= Scot Sothern =

American photographer and writer (born 1949)

Scot Sothern (born 1949) is an American writer/photographer/artist. He is best known for his controversial black and white photographs and stories of prostitutes in Southern California, whom he photographed from 1986 to 1990. In 2010, he began photographing and writing about sex workers in Skid Row, Los Angeles. Sothern described the photographs as exposés that expose both the women and also the artist behind the camera.Sothern has continued writing, publishing, and exhibiting work globally.
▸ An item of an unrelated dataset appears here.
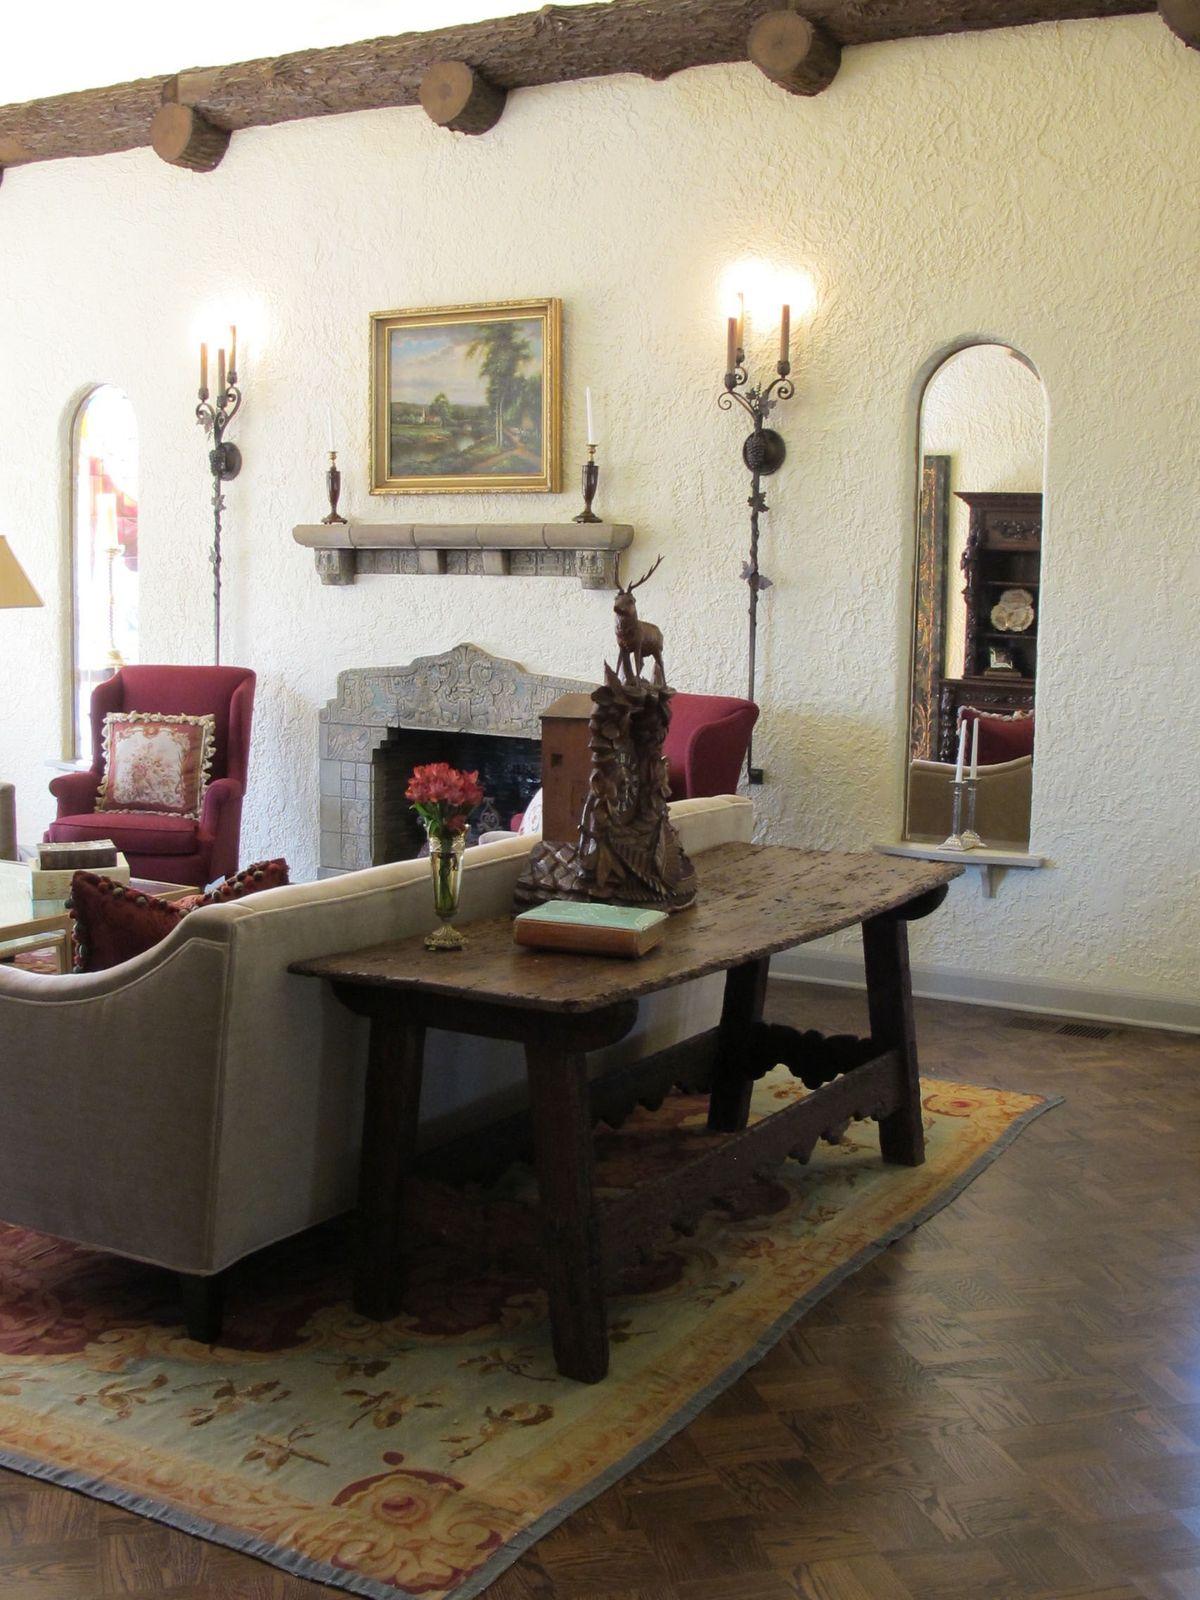 Historic Hutsell Mediterranean Home Photo Video Shoot Location 26.jpg

He lives In Los Angeles.

==Biography==
Scot Sothern was born to a portrait and wedding photographer in the Missouri Ozarks. He spent 40 unsettled years as a freelance photographer in the US and abroad. His first solo exhibit, Lowlife, was held at the Drkrm Gallery in Los Angeles in 2010. His first book, Lowlife, was published in the U.K. by Stanley Barker in 2011 and as an ebook by powerHouse Books in 2013. The British Journal of Photography called Lowlife "The year's most controversial photobook". Curb Service: A Memoir, was published by Soft Skull Press in July 2013, and Streetwalkers was published by PowerHouse Books in 2016. Sothern has been in solo and group shows in NYC, Miami, and Los Angeles as well as Ottawa, London, Basel and Paris. In 2013 and 2014, Scot wrote 52 photo-illustrated columns for Vice Magazine: Sothern Exposure and Nocturnal Submissions. In 2017 Sothern's novel BigCity was published by Stalking Horse Press.

==Reception==
In 2011, The British Journal of Photography commenting on Lowlife wrote, "Scot Sothern makes this year's most controversial photobook".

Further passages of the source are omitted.